Hard tooling usually wins out for a couple of other reasons, too. One is a matter of detail. ProtoMold's limitation regarding detailed features and radii sometimes takes it out of the running for the finished part. For example, some of Deere's parts require numbering that ProtoMold's process can't add, Friestad says. The other reason has to do with subtle differences between parts molded in aluminum and those molded in steel. "Even if they come from the same lot of material, parts molded in different materials aren't necessarily the same," Friestad notes.
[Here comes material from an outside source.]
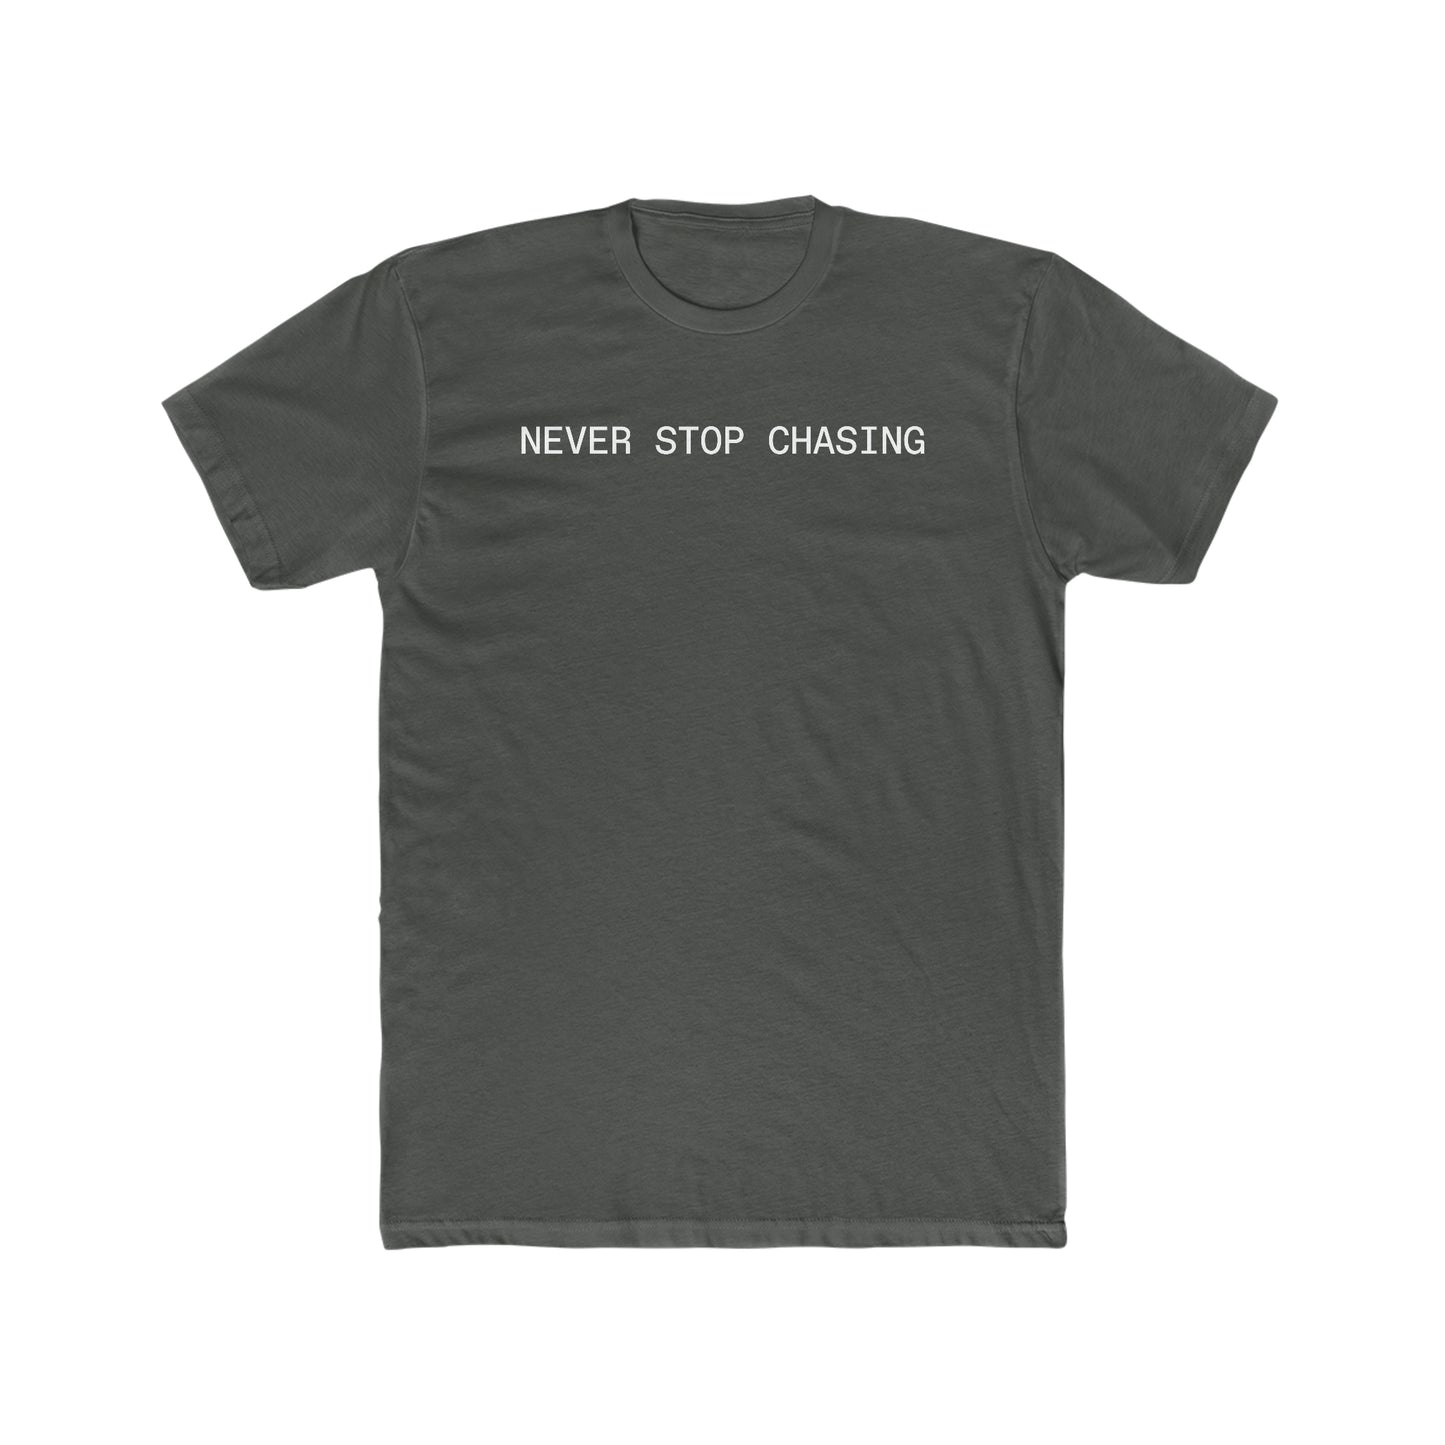 NEVER STOP CHASING NSC BACKED TEE - Never Stop Chasing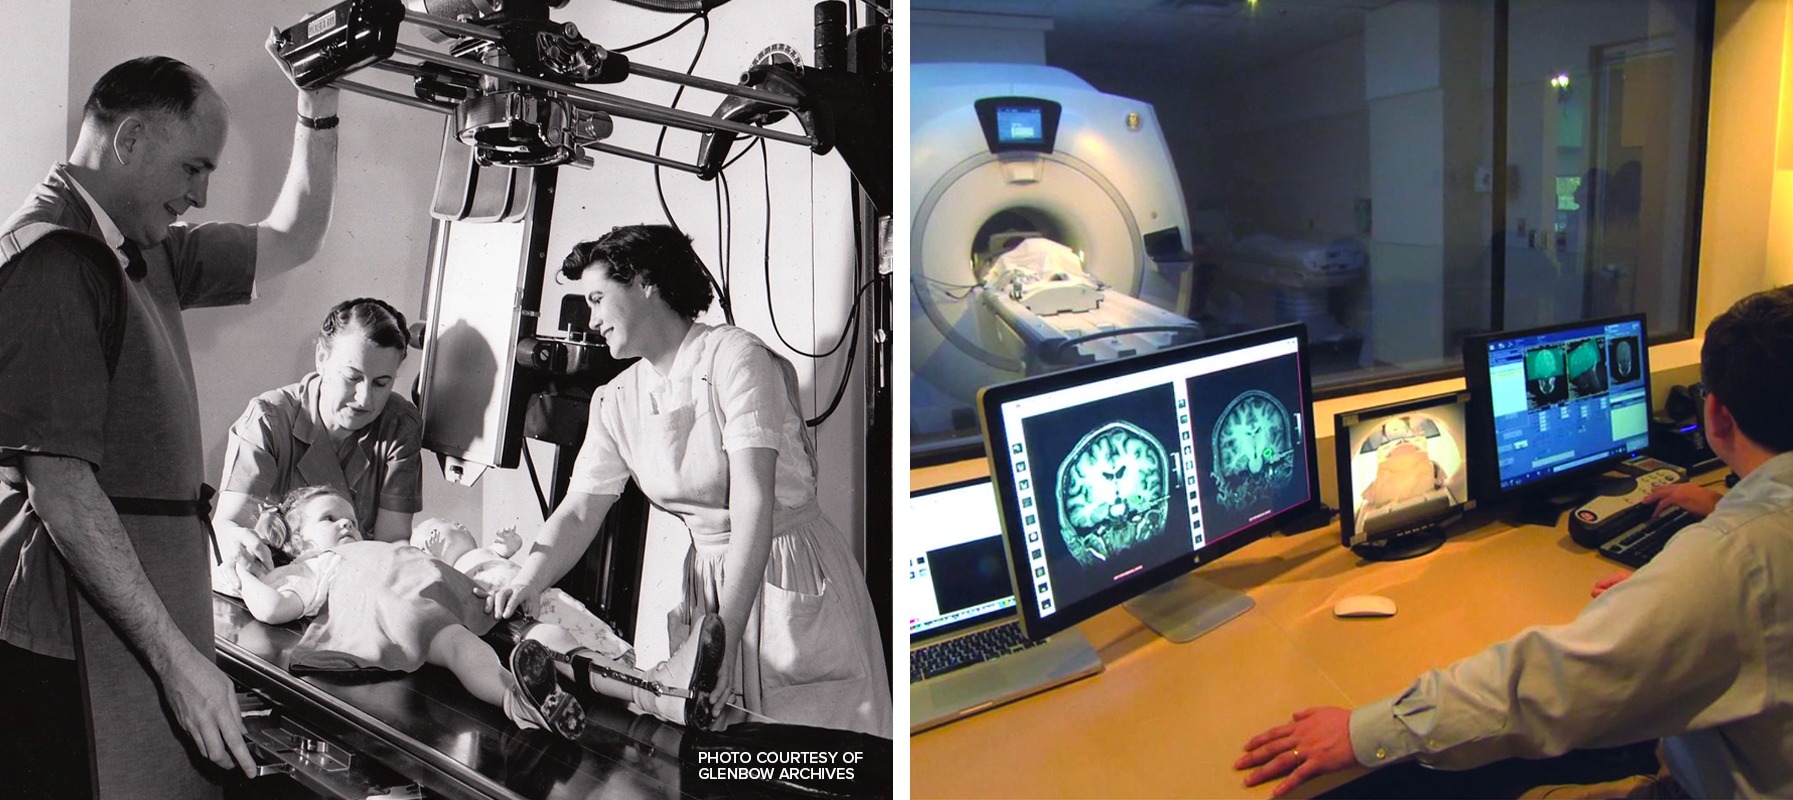 Diagnostic Imaging from the mid 1900s vs the 2000

These differences are often small and may not matter.
But they can. On a recent glass-filled PBT seeder gearbox housing, for example, Friestad says Deere found that the parts made on the aluminum tooling exhibited more warpage than those out of the final steel production tools. "We're not really sure why," he says. He speculates, however, that the different tooling materials created different cooling conditions—and ultimately affected molded-in stresses.
So why not just use a rapid prototyping machine to get the functional prototypes in a hurry? Freistad notes that rapid prototyping machines don't always offer a material equivalent to the end-use plastic. And when they do, the differences between aluminum- and steel-molded parts pale in comparison to the differences between injection-molded and rapid-prototyped parts.
One limitation that hasn't bothered Friestad much has been the reliance on straight pull molds only. Designing for ProtoMold's system, while it may rule out some part geometries, does impose some discipline than can help contain costs. Friestad says he intentionally sets out to design parts that can run in a straight pull mold because these molds cost less to build and to run. "It's just good design practice to design without core pulls whenever you can," he says. "And that fits nicely with ProtoMold's process."